After receiving the multimodal input, the model generates structured chapter outputs:

{"chapters": [
  {"start": "00:00:00", "title": "Introduction to..."},
  {"start": "00:05:32", "title": "Method overview..."},
  ...
]}

Experimental Results

Main Results (VidChapters-7M Validation Set)

Method F1 ↑ Model Size Frames
Vid2Seq 26.7 0.3B 100
VideoLLaMA2 31.2 7B 32
LLaVA-Video 35.8 7B 64
Gemini-1.5-Pro (zero-shot) 42.2 >1T All
Chapter-Llama (Ours) 45.3 8B 10.3
Gain vs.
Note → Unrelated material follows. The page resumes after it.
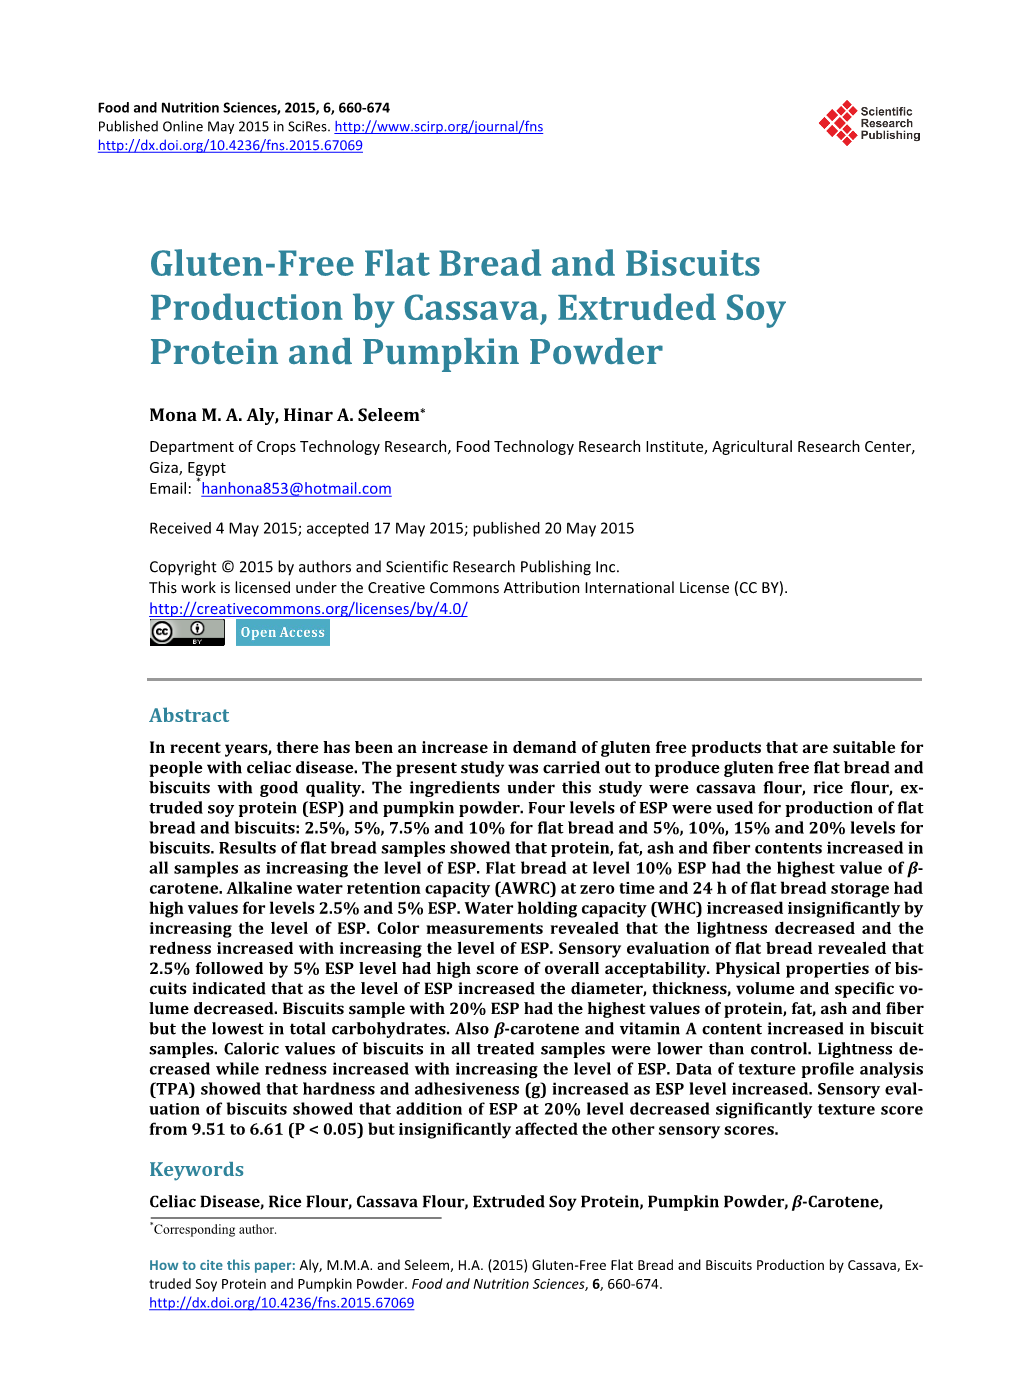 Gluten-Free Flat Bread and Biscuits Production by Cassava, Extruded Soy Protein and Pumpkin Powder
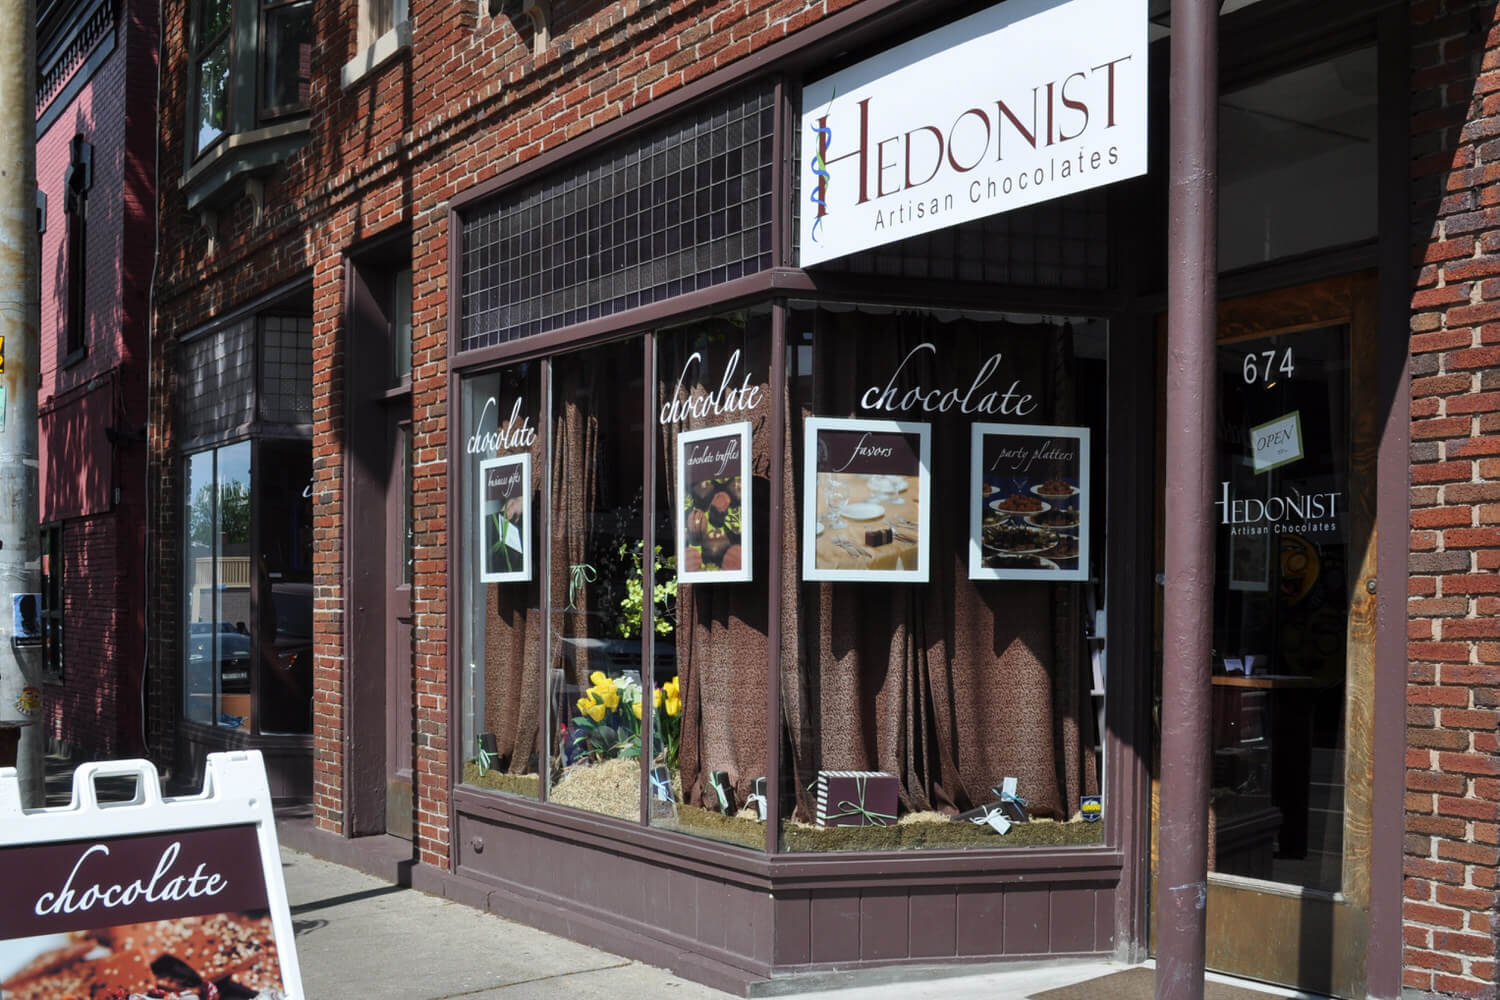 Hedonist Artisan Chocolates on South Avenue. (They have an ice cream shop next door, too!)

Vid2Seq +69.8% - -

Comparison with Gemini Series

Model F1 Setting Cost
Gemini-1.5-Flash (zero-shot) 38.7 API ~$0.5/video
Gemini-1.5-Pro (zero-shot) 42.2 API ~$2.0/video
Chapter-Llama 45.3 Local ~$0.01/video

Chapter-Llama not only outperforms the zero-shot results of Gemini-1.5-Pro (+3.1 F1) but also operates at a running cost that is lower by two orders of magnitude.

Analysis by Video Duration

Video Duration Vid2Seq F1 Chapter-Llama F1 Gain
< 10 min 32.1 47.8 +48.9%
10-30 min 27.4 45.6 +66.4%
30-60 min 23.8 44.1 +85.3%
> 60 min 19.2 42.7 +122.4%

As the video duration increases, the advantage of Chapter-Llama becomes more pronounced, proving the effectiveness of speech-guided frame selection on long videos.

Ablation Study

Component F1
Visual Only (Uniform 100 Frames) 38.2
Speech Transcript Only 41.5
Visual + Speech (Uniform Sampling) 42.1
Visual + Speech-Guided Frame Selection 45.3

Highlights & Insights

  1. Speech-Guided Frame Selection: Guiding visual frame sampling using semantic transition points in speech, processing hour-long videos with an average of 10.3 frames, representing a 10x efficiency improvement.
  2. Extremely Efficient Training: Training for only 40 minutes on 4x H100 GPUs is sufficient to outperform the trillion-parameter Gemini-1.5-Pro.
  3. Multimodal Fusion: Effectively combining the complementary advantages of visual and speech information.
  4. Strong Generalization: Demonstrates robust performance across videos of various lengths, especially ultra-long videos (1 hour+).

Efficiency Analysis

Metric Vid2Seq Gemini-1.5-Pro Chapter-Llama
Input Frames 100 ~3600 (1fps) 10.3
Inference Time / Video ~15s ~60s ~5s
Trainable Parameters 300M Non-trainable 4.2M (LoRA)
Training Cost Multiple days/GPUs N/A 40min/4×H100

Limitations & Future Work

  • Highly dependent on the quality of speech transcription, limiting effectiveness on videos without speech (e.g., music videos, silent documentaries).
  • ASR may produce errors in noisy environments or multilingual scenarios, affecting the quality of frame selection.
  • The quality of generated chapter titles is limited by the capabilities of the LLM, which may be inaccurate for domain-specific content.
  • The integration of other textual information, such as on-screen subtitles or comments in the video, has not been explored.
  • Vid2Seq: A seq2seq-based dense video captioning model.
  • Gemini-1.5: Google's long-context multimodal large model.
  • LLaVA-Video: A LLaVA-based video understanding model.
  • Llama-3.1: Meta's open-source large language model.